Terrible. I was initially bummed when I realized that this series had left the capable hands of Brian Bendis, but I had read one series by Dan Slott before, a pretty funny (in my memory) in-continuity parody called the Great Lakes Avengers, so I decided to be optimistic. I allowed myself to have high hopes going in. Destroyed. Worse than never being funny, this book never stops failing to be funny. There's a reference to Taylor Swift MP3s in the first few pages. Nope. Shut it down.
In a post a few days ago, I talked about how annoying it can be when an author tries to write dialogue for Thor without an appropriate sense of the rhythms and nuances of Asgardian speech. If they just give it their best two-dollar British, the character quickly starts to sound false, and you start to dread each additional speech bubble. Here's an author who finds a way to ignore the intricacies of not only his Asgarians, but to also mangle the necessary syntactical discretion due Hercules, the Hulk, robots, teenagers, and scientists. There is a dialectical sophistication required to adequately portray these characters. Readers expect them to project certain voices. It's a shame when an author doesn't bother to respect that, and it's a minor calamity when he does it just for the sake of a joke as weak as these.
Khoi Pham's art is serviceable but never impressive. I'm tired of trying to find ways to describe uninteresting art, so that's all you get.
Worse, he not only drags down these issues with his indistinct filler, but is also given the opportunity to leave his mark on the series by designing a new costume for the triumphant return of Hank Pym, who helped found the Avengers as Ant-man. Immortalizing his dead wife, The Wasp, by adapting her persona? Interesting. Toying with gender identity in a superhero book? Neat. But you can't replace even the least iconic of Pym's many superhero identities with brown stripes and sunglasses.
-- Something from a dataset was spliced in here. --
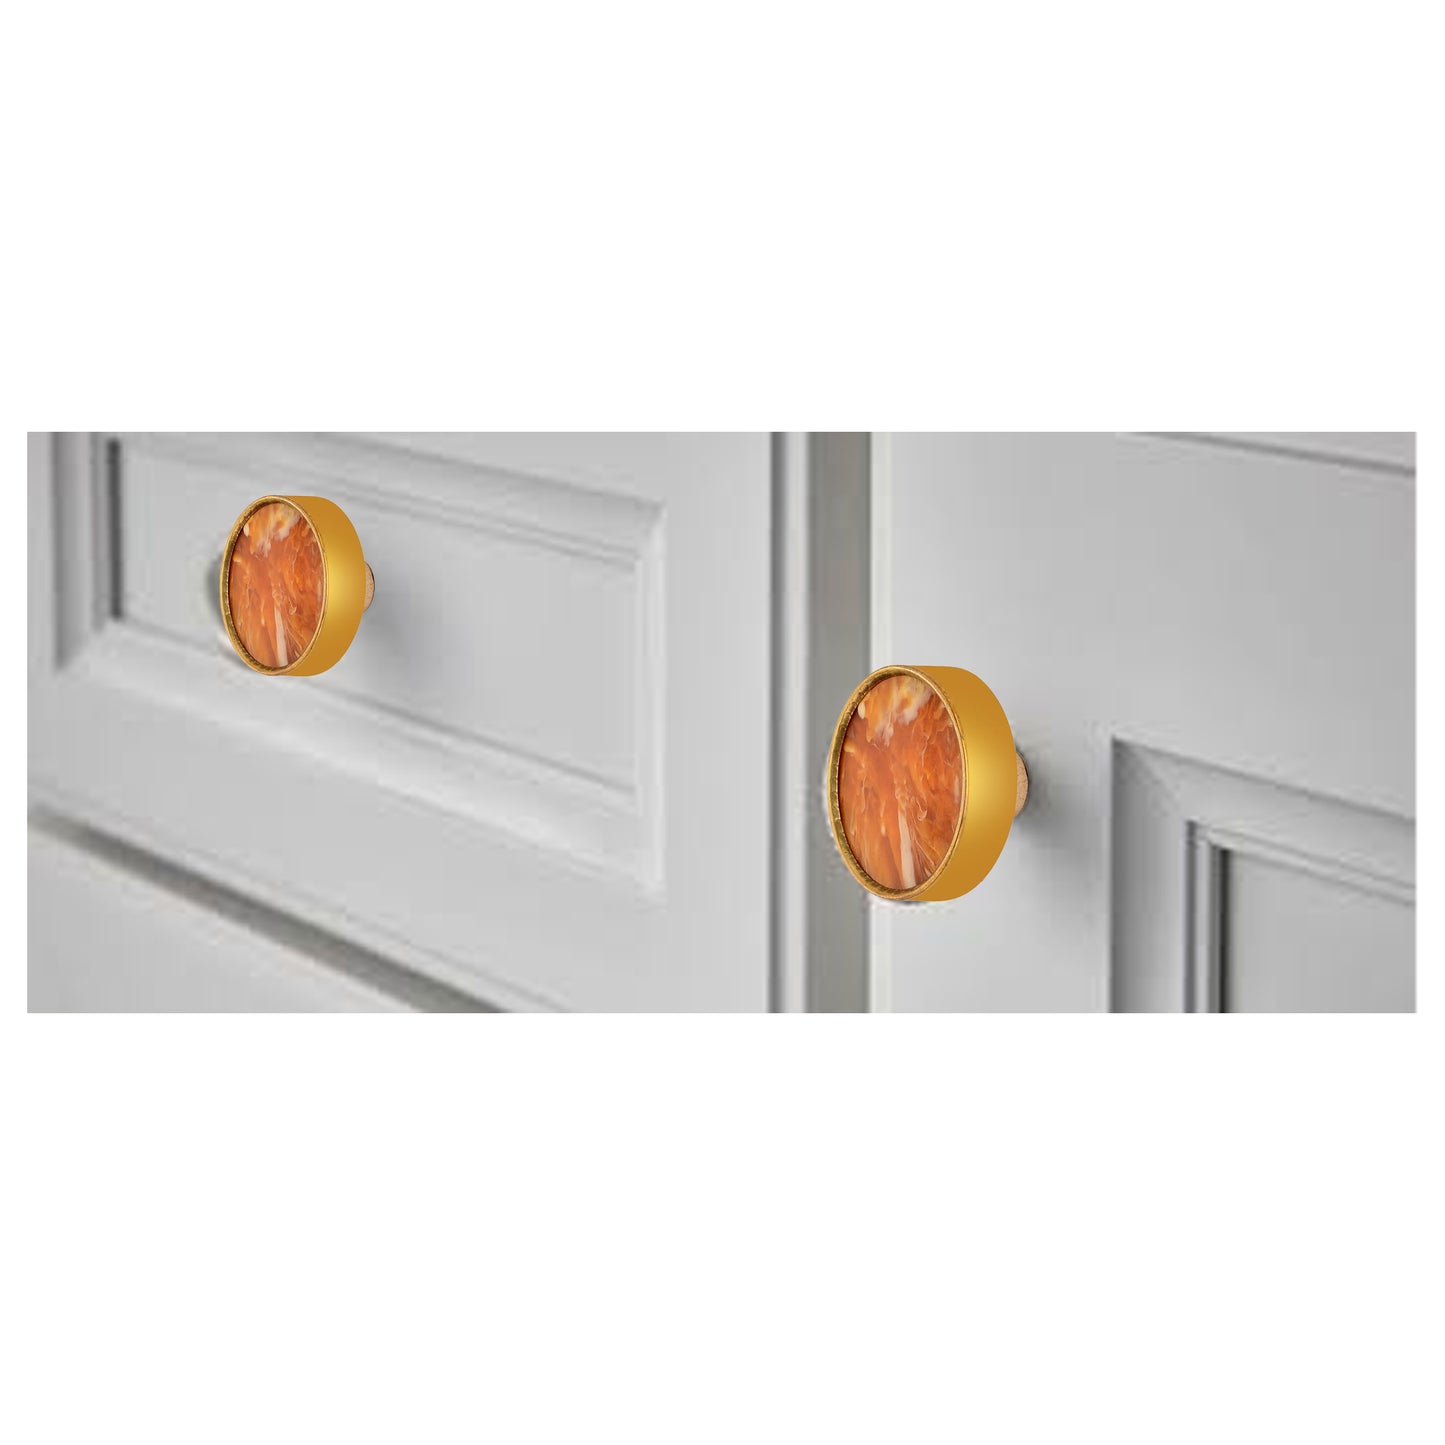 Mascot Hardware Moon Cloud 1-3/5 in. Cabinet Knob (Pack of 10)
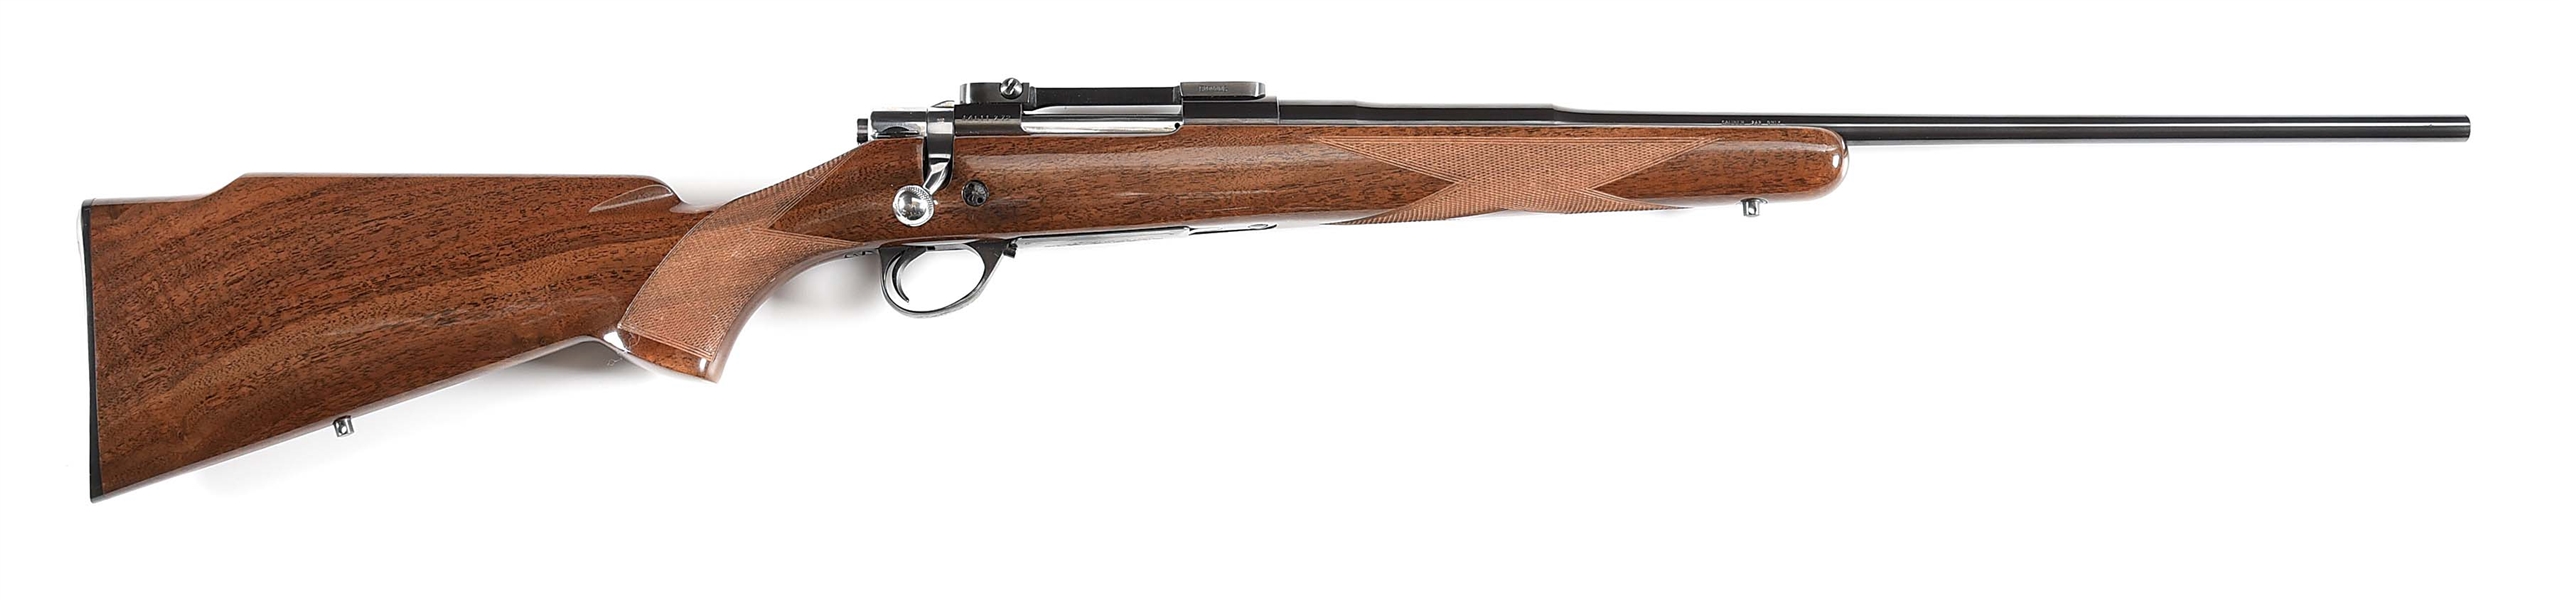 (M) BROWNING HIGH POWER BOLT ACTION RIFLE IN .243 WINCHESTER.

The only thing this book has going for it is what is inherent to it regardless of the team: technically, it's the Avengers. The only reason to read this book is to know what happens next, to get to the other side, where hopefully, someone more deserving can pick up the pieces and craft a worthy contribution to the saga. Eventually, though, you have to wonder how bad, how boring, a particular team of creators would have to be before that motivation no longer warrants your attention. How bad do they have to make Avengers before "being Avengers" becomes a negative instead of a positive? As of now, we're closer than ever.